In a longer term would be nice to consolidate float4 and ssef, float8 with avxf and so on. And that's where some emulation might become helpful, but should always be very careful with that.

@Sergey Sharybin (sergey) It seems I can measure similar performance gains on my setup as well. I can also measure about 23% performance gain in 4D noise.

To clarify, util_avxi.h is exactly the same as the Embree one, aside from some additional needed functions like cast and ^=. Also, Embree choose a certain header based on support for AVX2:

#if defined (__AVX_I__)
#include "simd/avxi.h"
#else
#include "simd/avxi_emu.h"
#endif

All I did was combine avxi.h and avxi_emu.h in the same file with inline preprocessor checks. Because both files share a lot of the contents and I didn't want to duplicate code.

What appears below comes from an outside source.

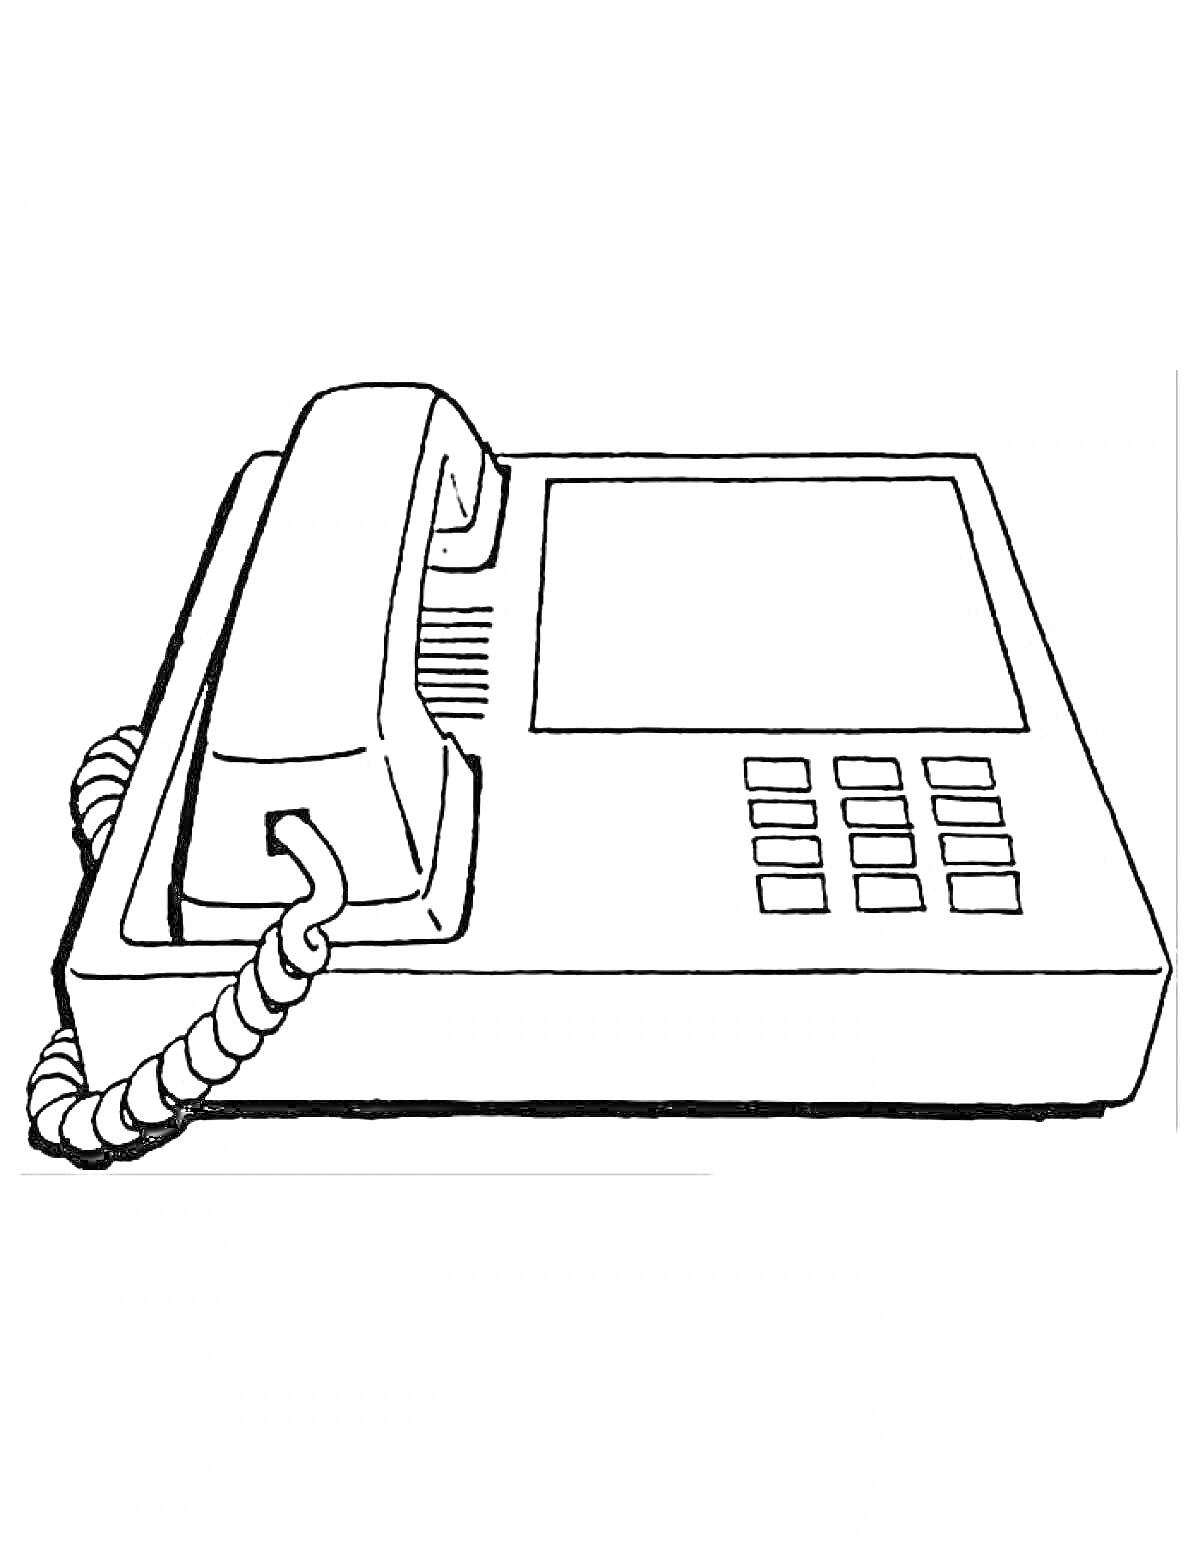 Раскраска Телефон со снятой трубкой, экраном и кнопками

One question though. In the util files, we have:

#ifndef __UTIL_AVXI_H__
#  define __UTIL_AVXI_H__

CCL_NAMESPACE_BEGIN

...
...
...

#endif

CCL_NAMESPACE_END

Why does CCL_NAMESPACE_END exist outside of the ifndef block?

Max (maxim_d33) added inline comments.Wed, Feb 5, 4:14 PM
intern/cycles/util/util_avxi.h
30

yes

if not KERNEL_AVX2 - it doesnt make sense to have __m256i m256;

intern/cycles/util/util_avxi.h
30

But why? Why would we emulate __m256i instructions using SEE instructions?

Max (maxim_d33) added inline comments.Wed, Feb 5, 4:31 PM
intern/cycles/util/util_avxi.h
30

__m256i is data type mappable to HW, ignore any emulation here.

I still dont understand why union sometimes excludes __m128i
which is always present.

Why does CCL_NAMESPACE_END exist outside of the ifndef block?

Looks like a mistake.

  • Move CCL_NAMESPACE_END inside ifndef block in util_avx{b, f, i}.h.